__Task instructions__: Could you find every line in the records below that contains the word "inches" and copy it?

*** Opening Dataset entries ***

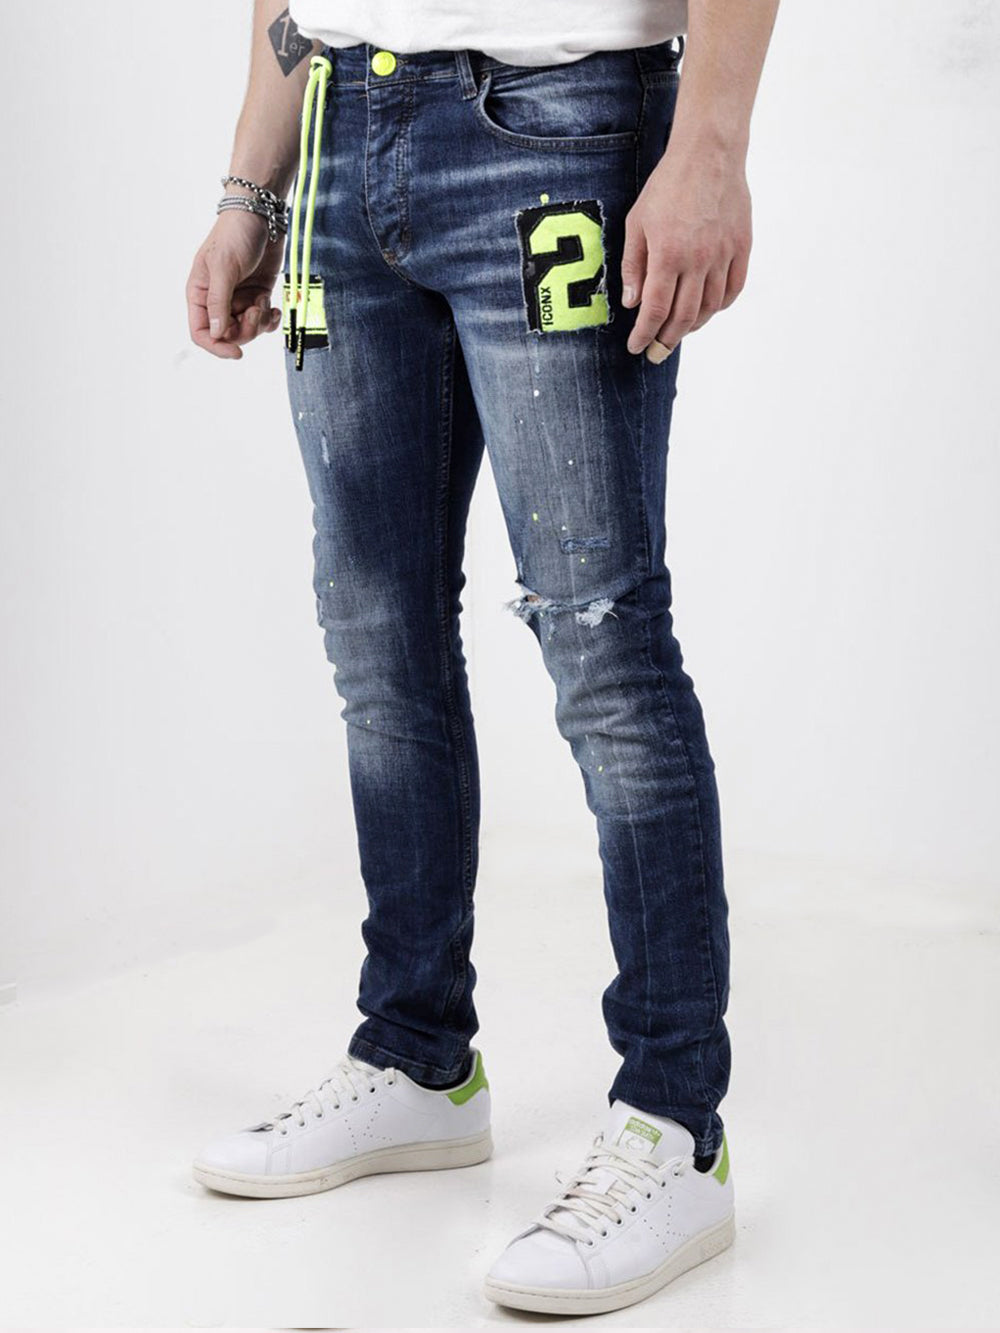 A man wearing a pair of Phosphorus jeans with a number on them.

*** Closing Dataset entries ***
*** Opening Dataset entries ***

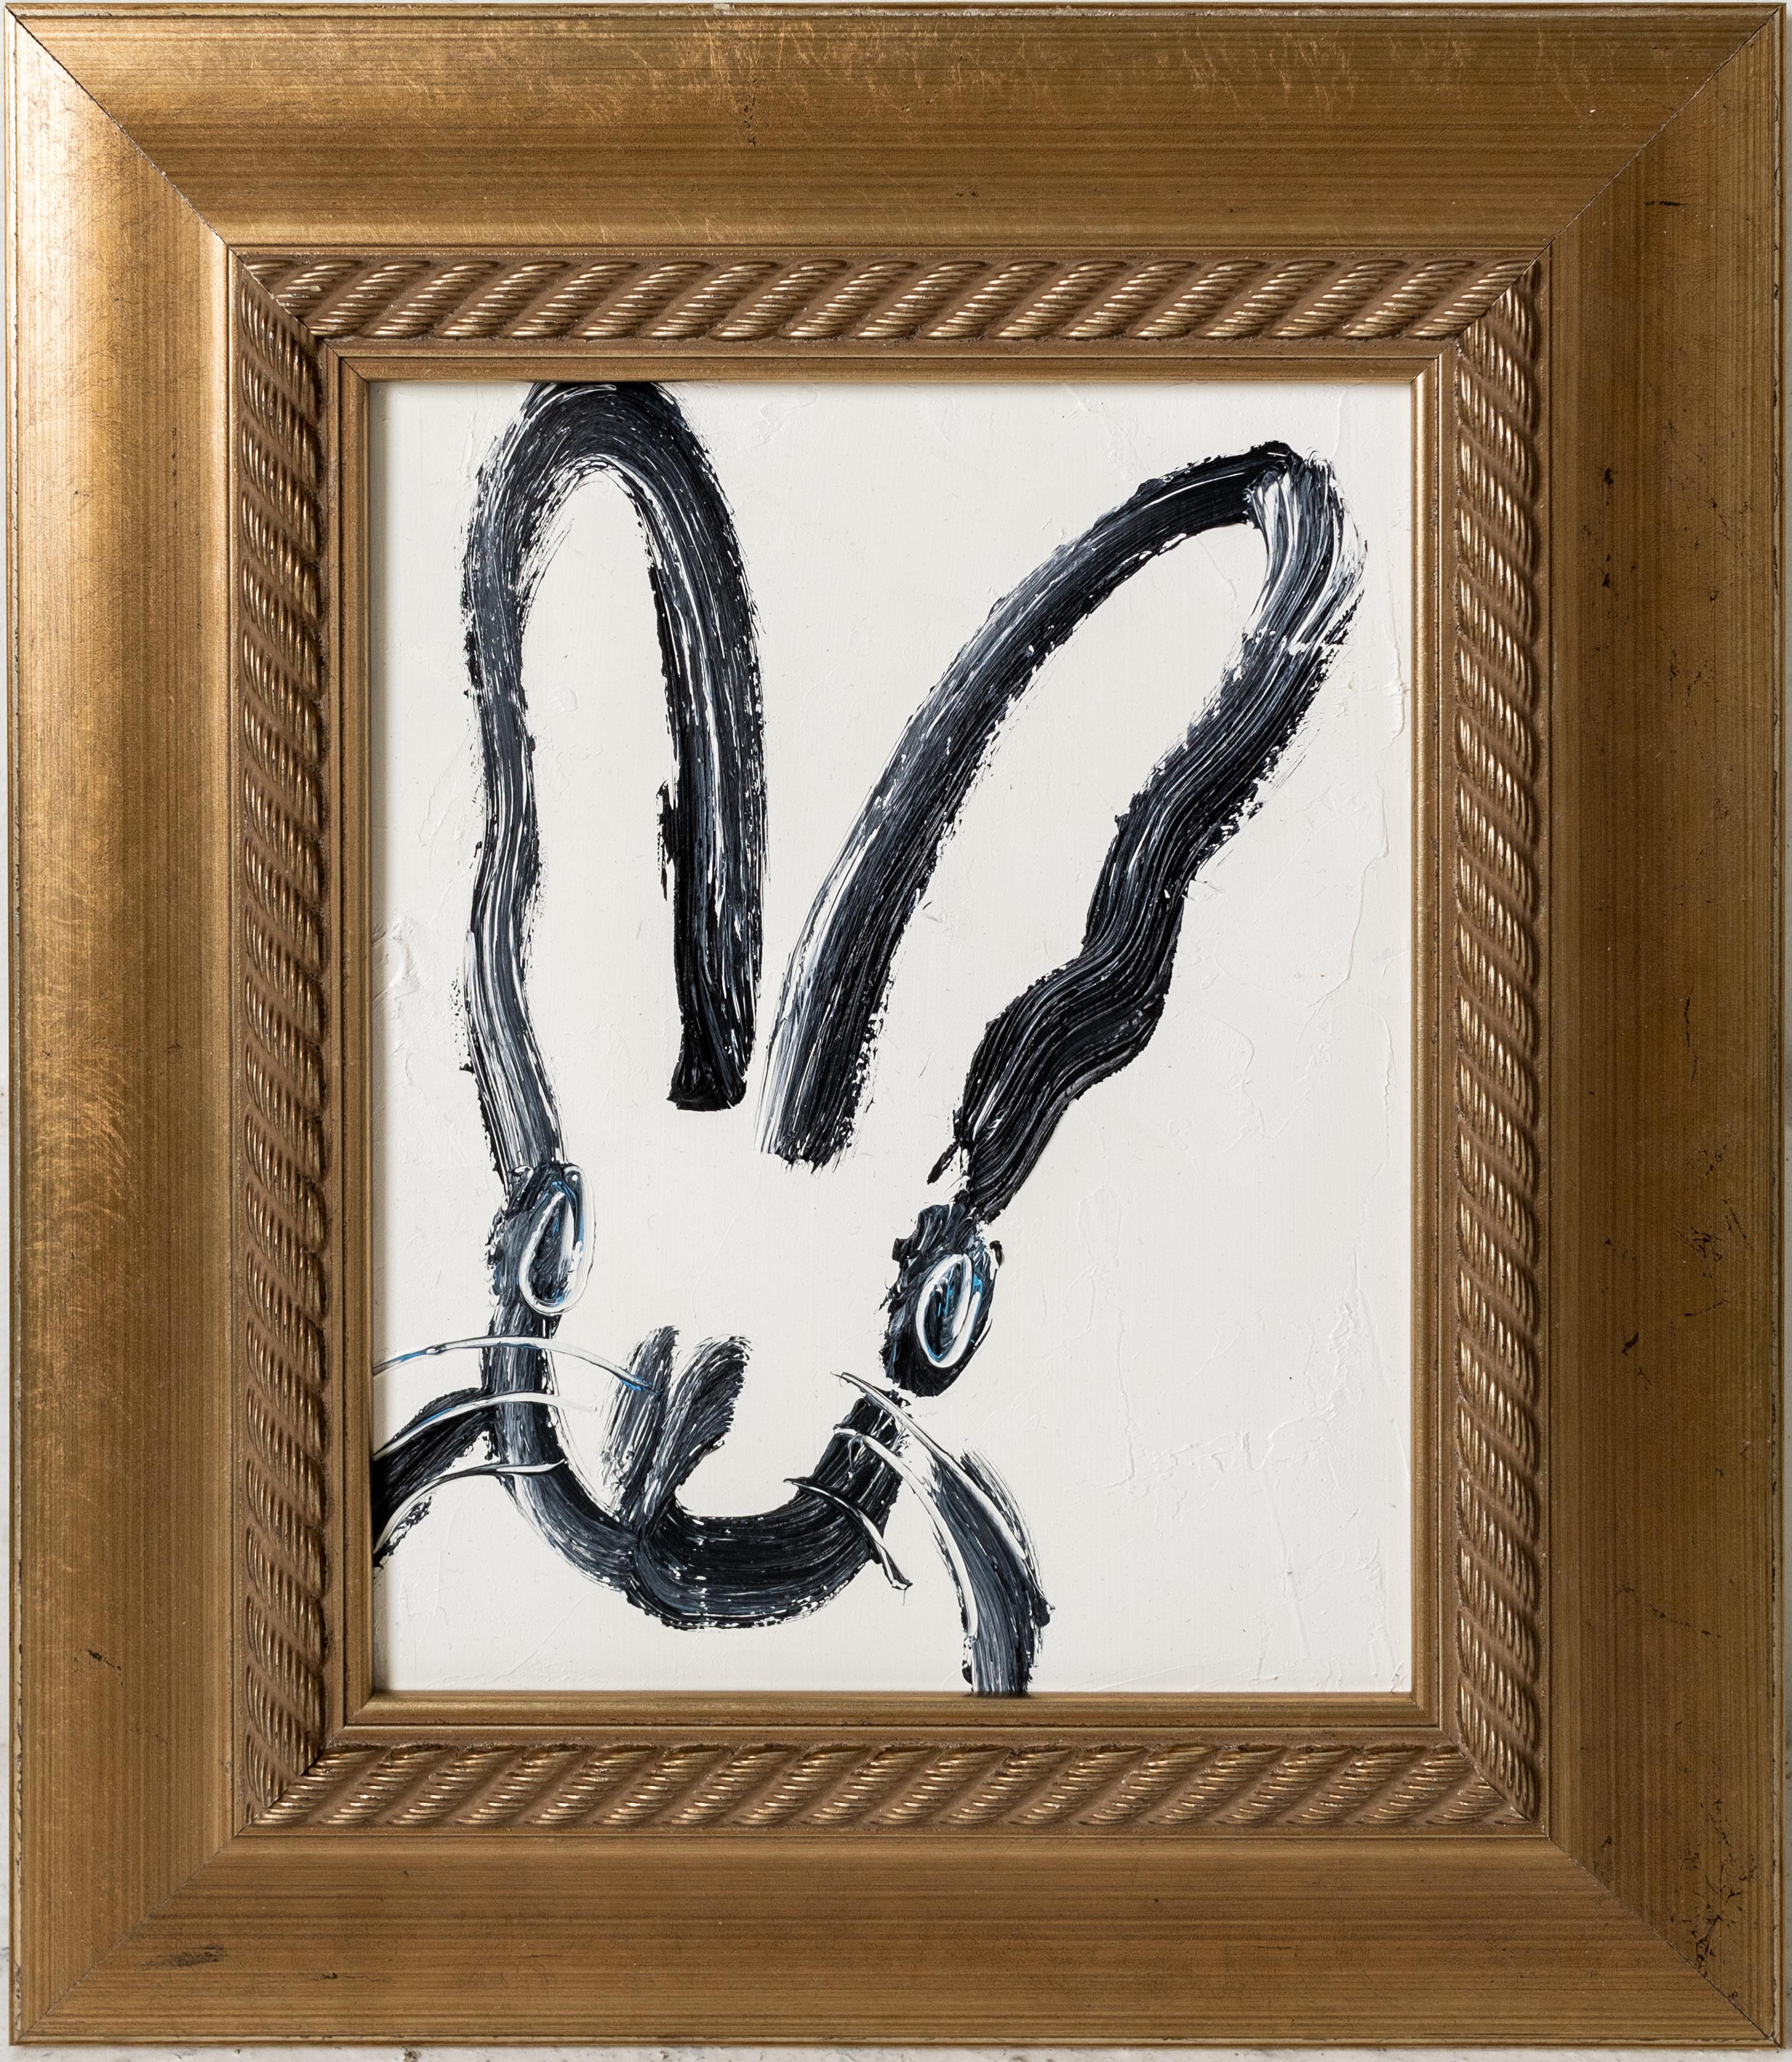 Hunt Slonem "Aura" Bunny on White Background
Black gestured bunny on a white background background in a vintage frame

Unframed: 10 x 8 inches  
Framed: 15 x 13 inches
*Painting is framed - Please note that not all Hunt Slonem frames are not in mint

*** Closing Dataset entries ***

__Output for this task__:
Unframed: 10 x 8 inches  
Framed: 15 x 13 inches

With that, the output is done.